Estamos a caracterizá-los agora. Temos uma ideia de que as oliveiras não se transformam em pinheiros e vice-versa. Mas sabemos que há oliveiras diferentes umas das outras e os ramos são as mutações. Os tumores começam com um ou dois eventos. Todas as células do tumor têm um património genético comum mas depois vão adquirindo mutações diferentes.
Entre as notícias que li sobre o seu trabalho, é referido realizou também algumas experiências com ratinhos avatares, ratinhos que recebem um transplante de células de um tumor humano…
Nós não os usamos directamente como avatares. Tenho sempre muito cuidado porque quando falamos com as mulheres para obter um consentimento informado não fazemos promessas que não seriam éticas. O que lhes dizemos é: “Se nos der um pedaço do seu tecido para levarmos para o laboratório e crescer no ratinho e fazer um modelo do seu tumor, o que isso nos vai permitir é estudar coisas in vitro que não poderíamos fazer em si. Que isso a possa vir a ajudar a si é possível mas pouco provável. Que possa vir a ajudar outros doentes no futuro, com certeza. E é uma melhor plataforma para testar novas drogas.” Por isso, o meu grupo está a investir tanto nesta área. Temos cerca de 200 modelos hoje em dia. Modelos a crescer em ratinho no laboratório de 200 corajosas mulheres dadoras, que doaram o seu tecido.
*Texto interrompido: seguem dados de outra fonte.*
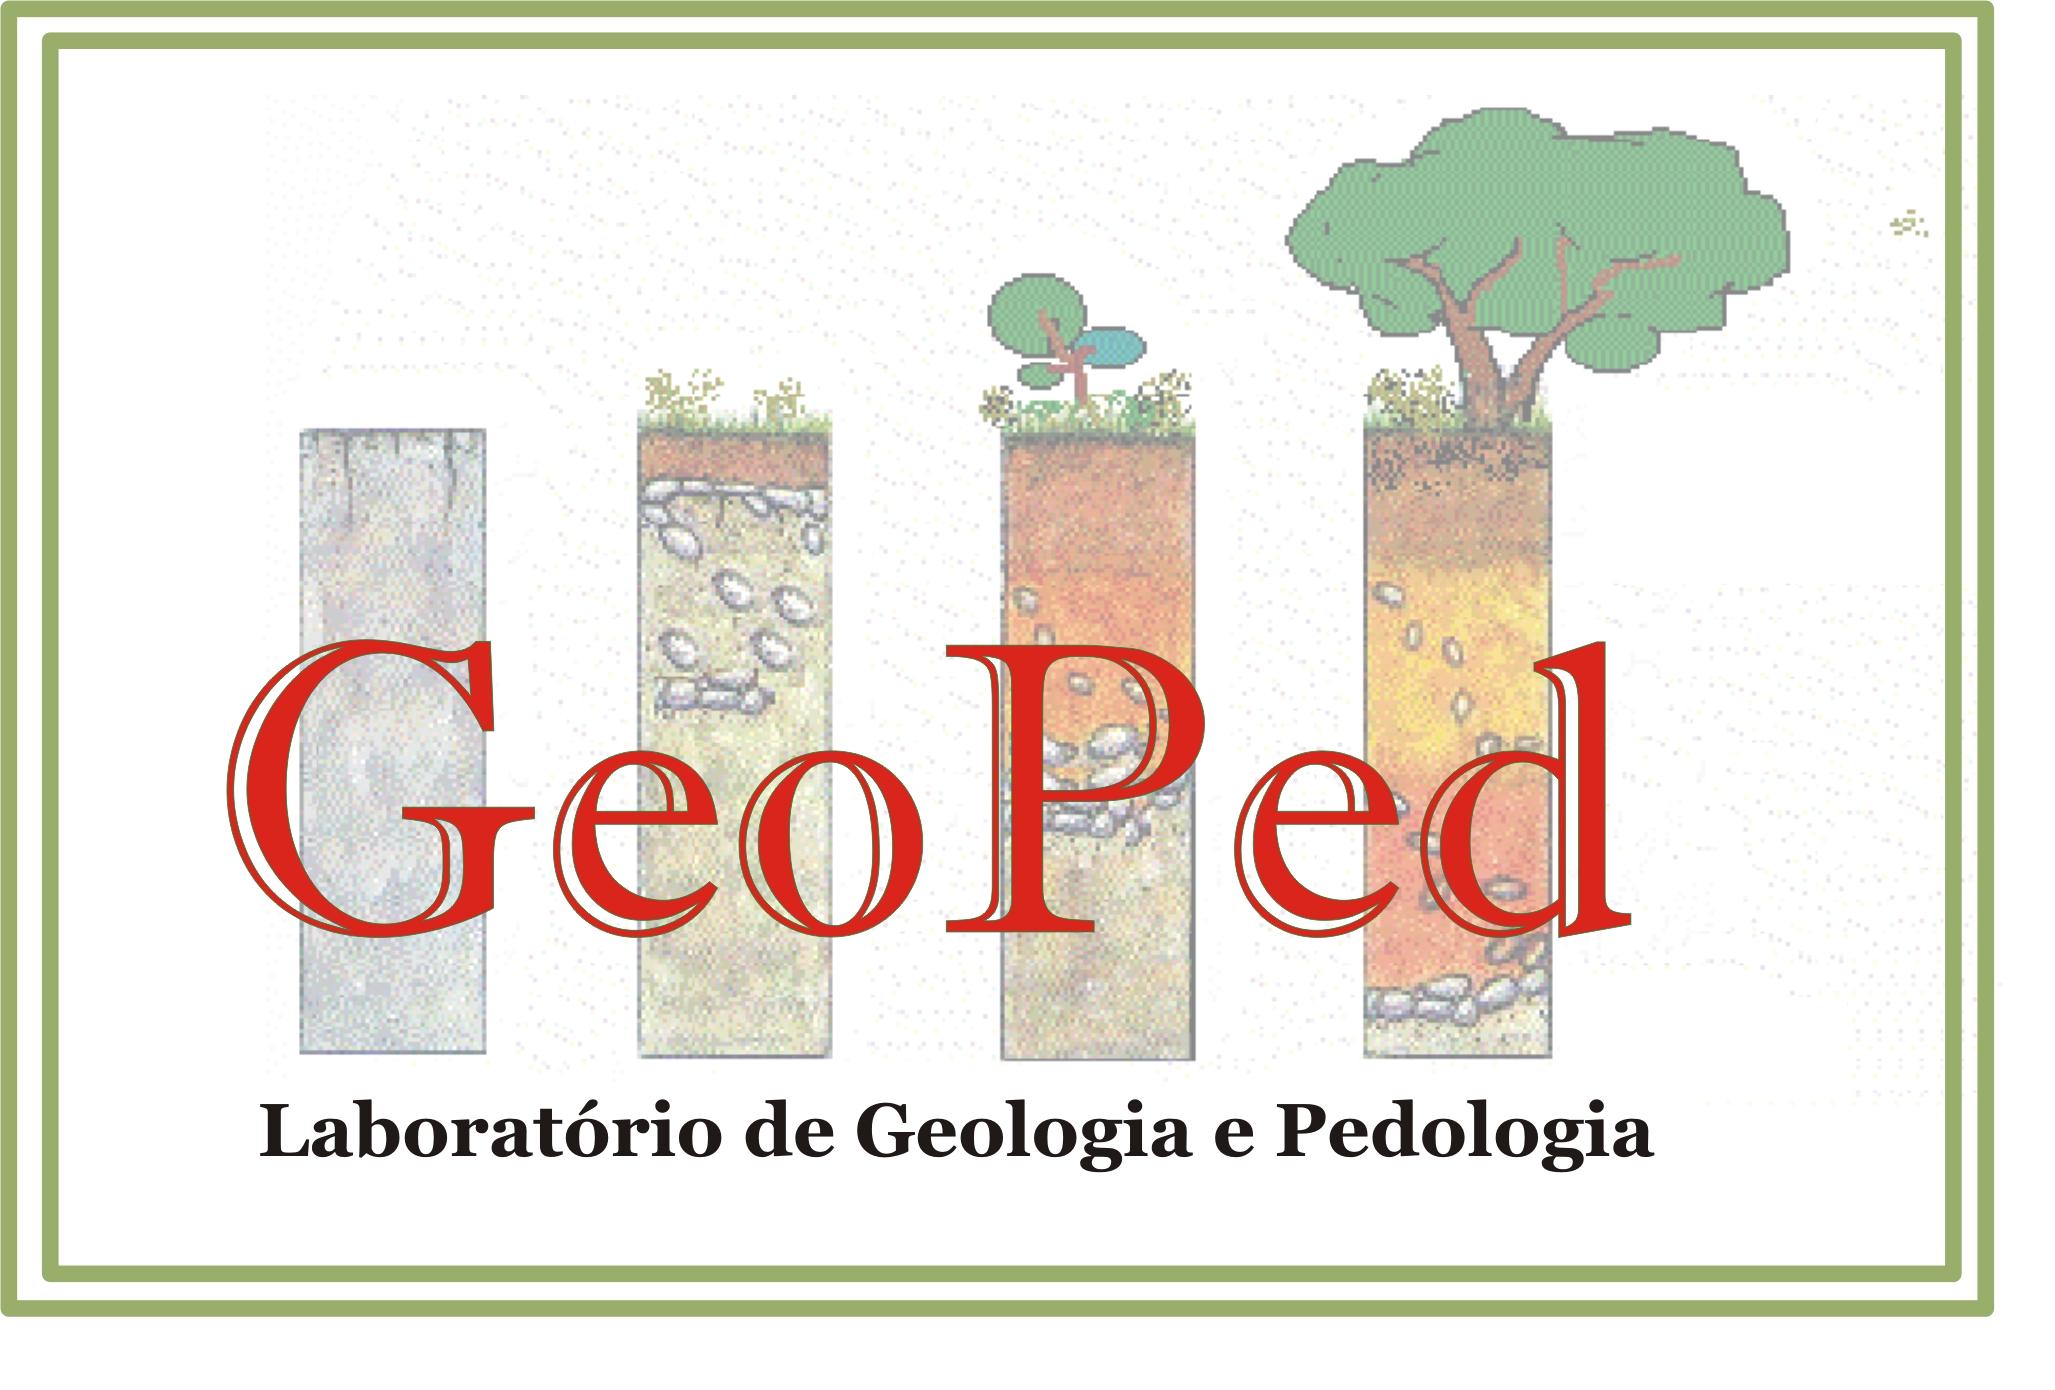 GEOPED

Falámos em mutações e outros “erros” genéticos. Qual o papel que a edição genética pode ter no cancro?
Primeiro que tudo, tenho de dizer que não tenho problema ético absolutamente nenhum. Fazemos manipulação genética em plantas há muito tempo e no ser humano há muito tempo também. Esta discussão toda é um hype. Fazemos recombinação genética há muito tempo. Há muito tempo que descobrimos, por exemplo, que não é bom casar entre irmãos ou primos direitos. Agora, o que está a perguntar-me é sobre a CRISPR [tecnologia de edição genética]. Não tenho objecção nenhuma a fazer manipulação a doenças monogenéticas para tentar corrigir defeitos. Se eu soubesse que tinha uma doença metabólica na minha família, hemofilia, por exemplo, se eu pudesse agarrar num ovo [a doença transmite-se pelo cromossoma X] e corrigir o gene, quem é que diria que isso é errado?
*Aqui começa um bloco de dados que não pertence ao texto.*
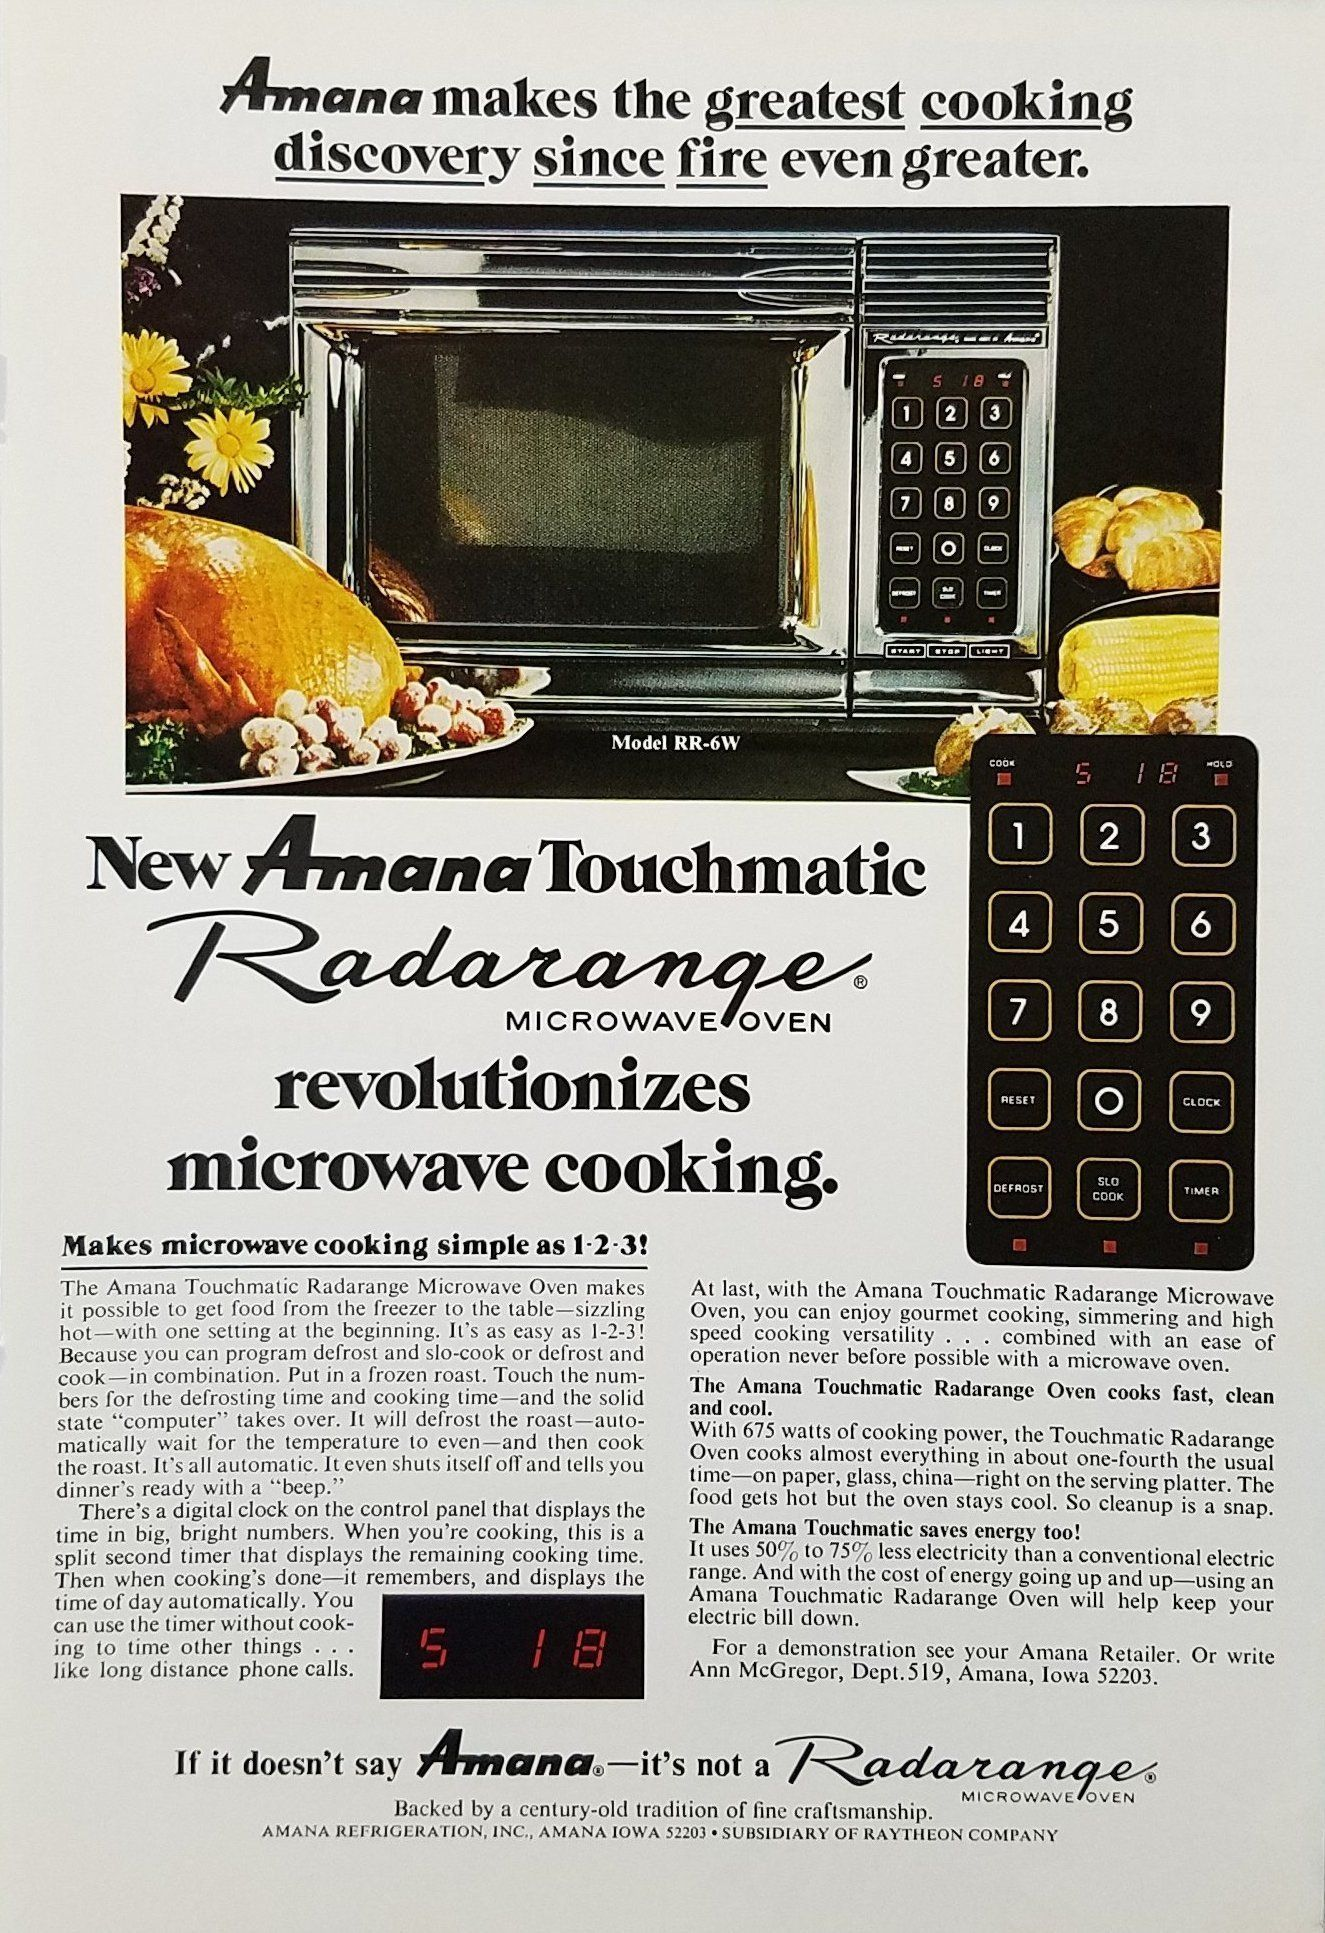 1970s Amana Touchmatic Radarange Microwave Oven Vintage Ad Refrigerator Wiring Diagram On Oil Furnace Older Homeappliancesadvertisement

Mas ainda não sabemos tudo sobre os efeitos colaterais que uma correcção dessas pode ter…
Por isso, temos de fazer mais investigação. E quando se decidir que se vai fazer pela primeira vez num humano terá de ser com todos os cuidados possíveis. Não é fácil. Os problemas de riscos para a sociedade de que alguns falam quando falam da edição genética são para ser resolvidas pela sociedade, pelos políticos e por nós que votamos.
E no cancro?
Não acho…Toda a gente sabe que uma célula para ser transformada tem de acumular no mínimo seis a nove mutações. Era preciso fazer seis a nove dessas intervenções e era preciso saber quais são as seis a nove que são de facto as que desencadeiam o tumor. E nós não as conhecemos todas. Conhecemos muitas, mas não todas.
De onde virá (se é que virá algum dia) a cura para cancro?
Não acho que haja uma cura para o cancro. Há múltiplas combinações de tratamentos. O que sabemos é que não conseguimos curar os cancros metastáticos, com a excepção dos tumores do testículo. Com a imuno-oncologia começa-se a falar em curar alguns melanomas, mas vamos esperar. As pessoas estão a usar a palavra cura… sim, as pessoas sobreviveram seis, sete anos, mas vamos esperar. Não vai haver uma cura universal para o cancro. Vamos ter mais cancros precoces curáveis, porque são diagnosticados numa fase precoce. Vamos tentar, e nós estamos a trabalhar nisso, rastrear mais cedo, através de uma biópsia líquida, os cancros que metastizam.
Não vamos conseguir encontrar uma cura, mas vamos curar mais?
Vamos curar mais doentes. E tratar melhor, de forma muito mais precisa. E vamo-nos tornar muito melhores a manusear a doença metastática. Vamos conseguir medir melhor o que estamos a ver. Vamos transformar muitos cancros numa doença crónica. Mas, pense, a diabetes, a doença cardiovascular, o enfarte do miocárdio também não são curáveis.